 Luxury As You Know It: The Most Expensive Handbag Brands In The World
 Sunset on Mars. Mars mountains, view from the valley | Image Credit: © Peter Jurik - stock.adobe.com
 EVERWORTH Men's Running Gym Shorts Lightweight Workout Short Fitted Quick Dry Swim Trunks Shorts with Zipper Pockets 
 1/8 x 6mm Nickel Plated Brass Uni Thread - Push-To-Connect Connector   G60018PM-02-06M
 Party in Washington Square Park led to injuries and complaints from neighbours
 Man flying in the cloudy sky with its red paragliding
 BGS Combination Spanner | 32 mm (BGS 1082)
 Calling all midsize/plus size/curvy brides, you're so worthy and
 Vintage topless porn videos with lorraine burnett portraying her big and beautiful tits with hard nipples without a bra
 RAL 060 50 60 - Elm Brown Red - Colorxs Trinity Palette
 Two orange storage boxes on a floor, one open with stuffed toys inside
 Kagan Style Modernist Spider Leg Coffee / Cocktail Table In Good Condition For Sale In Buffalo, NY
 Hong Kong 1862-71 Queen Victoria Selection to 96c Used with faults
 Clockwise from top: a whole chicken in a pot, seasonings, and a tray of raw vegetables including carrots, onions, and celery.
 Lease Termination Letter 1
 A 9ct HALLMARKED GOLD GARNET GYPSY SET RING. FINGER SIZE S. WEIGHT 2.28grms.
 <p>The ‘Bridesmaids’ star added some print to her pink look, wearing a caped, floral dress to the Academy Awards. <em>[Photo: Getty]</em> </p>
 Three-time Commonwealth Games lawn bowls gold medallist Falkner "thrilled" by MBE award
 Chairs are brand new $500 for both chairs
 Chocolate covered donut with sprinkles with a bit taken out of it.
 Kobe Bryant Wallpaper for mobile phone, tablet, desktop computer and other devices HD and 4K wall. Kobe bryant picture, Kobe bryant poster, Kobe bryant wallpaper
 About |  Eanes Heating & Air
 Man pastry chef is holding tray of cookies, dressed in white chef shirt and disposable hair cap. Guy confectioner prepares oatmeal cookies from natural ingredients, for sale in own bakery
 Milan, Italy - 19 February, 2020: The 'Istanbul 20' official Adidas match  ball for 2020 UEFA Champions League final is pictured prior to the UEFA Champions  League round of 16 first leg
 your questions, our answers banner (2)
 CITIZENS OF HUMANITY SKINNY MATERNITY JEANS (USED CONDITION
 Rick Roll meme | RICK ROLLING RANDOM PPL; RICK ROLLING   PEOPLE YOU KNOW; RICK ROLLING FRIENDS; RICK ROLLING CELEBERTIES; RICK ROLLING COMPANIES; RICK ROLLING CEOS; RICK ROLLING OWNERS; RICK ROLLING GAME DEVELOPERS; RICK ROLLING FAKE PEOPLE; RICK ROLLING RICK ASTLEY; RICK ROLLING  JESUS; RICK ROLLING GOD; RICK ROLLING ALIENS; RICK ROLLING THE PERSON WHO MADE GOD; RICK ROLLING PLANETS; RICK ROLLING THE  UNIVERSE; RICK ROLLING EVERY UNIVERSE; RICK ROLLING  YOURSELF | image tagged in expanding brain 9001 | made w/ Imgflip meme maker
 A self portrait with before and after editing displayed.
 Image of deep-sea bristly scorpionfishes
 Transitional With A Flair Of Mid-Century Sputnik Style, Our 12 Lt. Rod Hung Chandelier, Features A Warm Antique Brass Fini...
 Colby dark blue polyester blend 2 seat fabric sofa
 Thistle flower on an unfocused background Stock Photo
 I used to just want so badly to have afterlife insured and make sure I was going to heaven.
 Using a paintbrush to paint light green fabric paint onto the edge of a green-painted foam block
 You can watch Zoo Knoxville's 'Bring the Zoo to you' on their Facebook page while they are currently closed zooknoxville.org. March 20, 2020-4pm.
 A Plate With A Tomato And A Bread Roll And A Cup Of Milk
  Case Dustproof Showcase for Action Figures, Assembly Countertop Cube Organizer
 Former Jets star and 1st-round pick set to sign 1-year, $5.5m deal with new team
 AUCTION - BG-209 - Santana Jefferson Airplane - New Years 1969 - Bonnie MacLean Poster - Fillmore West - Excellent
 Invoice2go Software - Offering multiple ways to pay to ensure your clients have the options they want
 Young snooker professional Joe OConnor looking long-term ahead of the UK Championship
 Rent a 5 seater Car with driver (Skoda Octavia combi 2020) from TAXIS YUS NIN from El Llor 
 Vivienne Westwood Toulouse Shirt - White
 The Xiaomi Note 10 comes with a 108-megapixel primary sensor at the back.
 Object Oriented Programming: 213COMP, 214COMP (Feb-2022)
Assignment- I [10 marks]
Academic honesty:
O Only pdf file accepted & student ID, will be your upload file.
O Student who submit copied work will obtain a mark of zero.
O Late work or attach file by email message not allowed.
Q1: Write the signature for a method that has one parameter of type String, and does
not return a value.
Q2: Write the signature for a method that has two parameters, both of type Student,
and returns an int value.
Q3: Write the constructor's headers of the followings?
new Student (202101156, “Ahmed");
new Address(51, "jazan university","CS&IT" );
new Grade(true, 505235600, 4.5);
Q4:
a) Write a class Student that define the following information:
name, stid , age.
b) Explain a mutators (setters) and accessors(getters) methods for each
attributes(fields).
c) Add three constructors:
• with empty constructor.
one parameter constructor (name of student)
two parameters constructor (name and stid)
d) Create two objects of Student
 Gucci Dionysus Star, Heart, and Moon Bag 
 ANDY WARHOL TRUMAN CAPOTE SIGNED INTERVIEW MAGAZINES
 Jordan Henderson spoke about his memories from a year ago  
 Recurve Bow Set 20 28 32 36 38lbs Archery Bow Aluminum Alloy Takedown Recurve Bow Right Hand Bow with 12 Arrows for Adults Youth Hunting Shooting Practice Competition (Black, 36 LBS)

EXERCISE AIM: Up to and including the line that contains "Man pastry chef", restate word for word every line of the entries, starting from the first.

REPLY:
 Luxury As You Know It: The Most Expensive Handbag Brands In The World
 Sunset on Mars. Mars mountains, view from the valley | Image Credit: © Peter Jurik - stock.adobe.com
 EVERWORTH Men's Running Gym Shorts Lightweight Workout Short Fitted Quick Dry Swim Trunks Shorts with Zipper Pockets 
 1/8 x 6mm Nickel Plated Brass Uni Thread - Push-To-Connect Connector   G60018PM-02-06M
 Party in Washington Square Park led to injuries and complaints from neighbours
 Man flying in the cloudy sky with its red paragliding
 BGS Combination Spanner | 32 mm (BGS 1082)
 Calling all midsize/plus size/curvy brides, you're so worthy and
 Vintage topless porn videos with lorraine burnett portraying her big and beautiful tits with hard nipples without a bra
 RAL 060 50 60 - Elm Brown Red - Colorxs Trinity Palette
 Two orange storage boxes on a floor, one open with stuffed toys inside
 Kagan Style Modernist Spider Leg Coffee / Cocktail Table In Good Condition For Sale In Buffalo, NY
 Hong Kong 1862-71 Queen Victoria Selection to 96c Used with faults
 Clockwise from top: a whole chicken in a pot, seasonings, and a tray of raw vegetables including carrots, onions, and celery.
 Lease Termination Letter 1
 A 9ct HALLMARKED GOLD GARNET GYPSY SET RING. FINGER SIZE S. WEIGHT 2.28grms.
 <p>The ‘Bridesmaids’ star added some print to her pink look, wearing a caped, floral dress to the Academy Awards. <em>[Photo: Getty]</em> </p>
 Three-time Commonwealth Games lawn bowls gold medallist Falkner "thrilled" by MBE award
 Chairs are brand new $500 for both chairs
 Chocolate covered donut with sprinkles with a bit taken out of it.
 Kobe Bryant Wallpaper for mobile phone, tablet, desktop computer and other devices HD and 4K wall. Kobe bryant picture, Kobe bryant poster, Kobe bryant wallpaper
 About |  Eanes Heating & Air
 Man pastry chef is holding tray of cookies, dressed in white chef shirt and disposable hair cap. Guy confectioner prepares oatmeal cookies from natural ingredients, for sale in own bakery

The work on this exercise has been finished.